Make sure that your SLURM script is in the correct Unix file format. You can verify that with this command: 

<code>
$ file script.slurm 
script.slurm: Bourne-Again shell script, ASCII text executable
</code>

If you get something like this:
<code>
$ file script.slurm 
script.slurm: Bourne-Again shell script, ASCII text executable, with CRLF line terminators
</code>

then you likely created your SLURM script on a Windows machine and you need to convert it on ''w01'' to Unix file format with this command: ''dos2unix script.slurm''.

===== Keck Center scheduling policies =====

  * All jobs must be submitted to the SLURM queue manager. It is strictly prohibited to run any non-interactive CPU-consuming jobs outside of the queue.
  * Using more than 8 processors per job is not allowed.
===== Available partitions (queues) =====

^ Partition ^ Max wall clock time ^ Max number of CPUs ^ Max number of nodes ^
|  cpu  |  5 days  |  8  |  1  |
| unlimited |  no limit  |  8  |  1  |
|  gpu  |  5 days   |  1  |  1  |

===== Partition (queue) limits =====

The following limits are imposed on all jobs:

  * max wall-clock time is 5 days in the cpu partition and 5 days in the gpu partition (subject to change, use ''sinfo'' to see the current limit)
  * max number of processors (cores) per job is 8
  * max number of nodes (workstations) per job is 1
  * max number of running jobs per user is 5. This is dynamically changed based on the cluster load. To see the current limit: ''sacctmgr list account -s format=User,MaxJobs''
  * the 'unlimited' partition (queue) has no wall clock time limit and is configured for long-running jobs where 5 day wall-clock time limit is not sufficient. Please do not abuse this queue.

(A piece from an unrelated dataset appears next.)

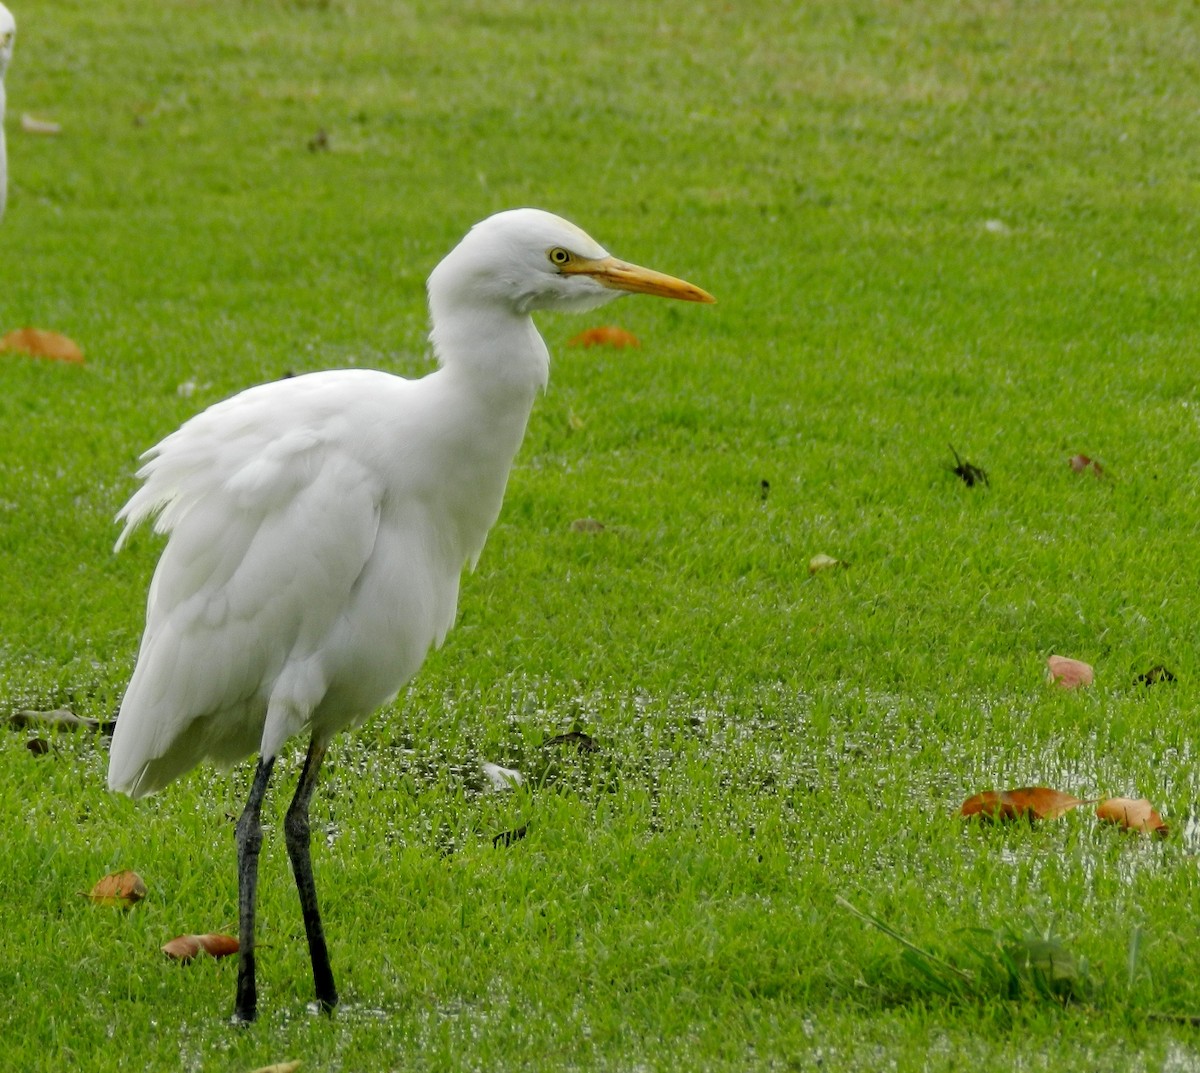 Eastern Cattle Egret - CHANDRA BHUSHAN

If you have any special requirements please email <keck2-help@keck2.ucsd.edu>


===== Basic SLURM commands =====

^ Command ^ Example syntax ^ Meaning ^
|sbatch|sbatch <jobscript>| Submit a batch job.|
|srun|%%srun --pty -t 0-0:5:0 -p cpu /bin/bash -i%%|Start an interactive session for five minutes in the cpu queue.|
|squeue|squeue -u <userid>|View status of your jobs in the queue. Only non-completed jobs will be shown.|
|scontrol|scontrol show job <jobid>| Look at a running job in detail. For more information about the job, add the -dd parameter.|
|scancel|scancel <jobid>|Cancel a job. scancel can also be used to kill job arrays or job steps.|
|scontrol|scontrol hold <jobid>|Pause a job|
|scontrol|scontrol resume <jobid>|Resume a job|
|sacct|sacct -j <jobid>|Check job accounting data. Running sacct is most useful for completed jobs.|
|sinfo|sinfo|See node and partition information. Use the -N parameter to see information per node.|

===== SLURM useful commands =====


  * Request a node with 12GB of RAM (total): ''%%sbatch --mem=12G job_script%%''. To see how much memory is currently available on the nodes: ''%%sinfo --Node -l%%''

  * Request a node with 6GB of RAM per core (CPU): ''%%sbatch --mem-per-cpu=6G job_script%%''.

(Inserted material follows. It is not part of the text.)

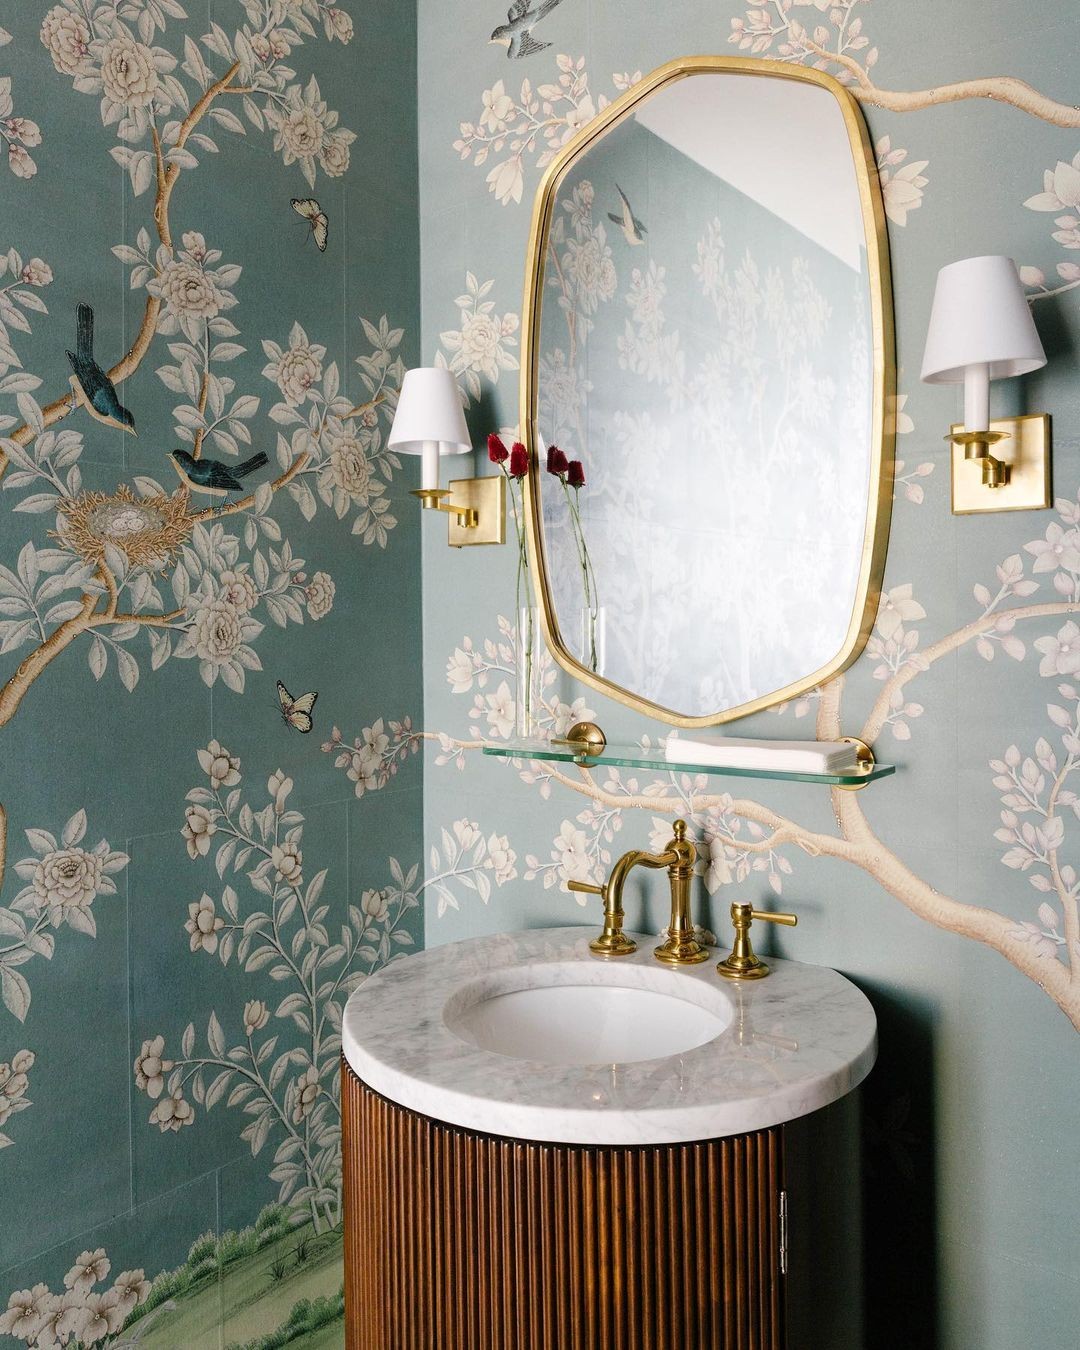 Décor do dia: lavabo com papel de parede floral e metais dourados (Foto: Divulgação)

  * Most of the Keck nodes have 24 GB of RAM (23936 B) but there are two nodes which have 32 GB (31977 B) of RAM (nodes w16 and w17). If your job needs more than 20GB of RAM (but less that 32GB) you can request one of the "high-memory" nodes with the following statements in your SLURM batch file:

  #SBATCH --mem=30G               # request allocation of 30GB RAM for the job
  #SBATCH --nodelist=w16 (or w17) # request the job to be sent to w16 or w17, pick a node which has no jobs running


  * canceling jobs: 

|scancel 1234                           | cancel job 1234|
|scancel -u myusername                  | cancel all my jobs|
|%%scancel -u myusername --state=running%%  | cancel all my running jobs|
|%%scancel -u myusername --state=pending%%  | cancel all my pending jobs|


===== Example SLURM monitoring commands =====

|squeue -u <userid>|list information about all non-completed jobs for a user, including job ids and what status they're in.|
|squeue -j <jobid>|list information for a single job|
|squeue -t RUNNING|list information for only running jobs|
|squeue -t PENDING|list information only for pending jobs|
|squeue -p cpu|list information for only jobs in cpu partition|
|squeue -p gpu -u <userid> -t RUNNING|list information for jobs in gpu partition that are currently running for a user|
|scontrol show job <jobid> -dd|show details for a running job, -dd requests more detail|

|%%sstat -j <jobid>.batch --format JobID,MaxRSS, MaxVMSize,NTasks%% | show status information for running job you can find all the fields you can specify with the %%--format%% parameter by running sstat -e|
|%%sacct -j <jobid> --format=JobId,AllocCPUs,State,ReqMem, MaxRSS,Elapsed,TimeLimit,CPUTime,ReqTres%%|get statistics on a completed job you can find all the fields you can specify with the %%--format%% parameter by running sacct -e you can specify the width of a field with % and a number, for example %%--format=JobID%15%% for 15 characters|


===== Best practices =====

All workstations have a very fast local hard drive mounted under ''/scratch''. We strongly recommend using this drive for your jobs. The usual practice is to create a temporary directory in ''/scratch'' at the beginning of your job, copy your runtime (input) files there, change your working directory and run your job from there. Please see the SLURM example scripts below how this can be simply achieved.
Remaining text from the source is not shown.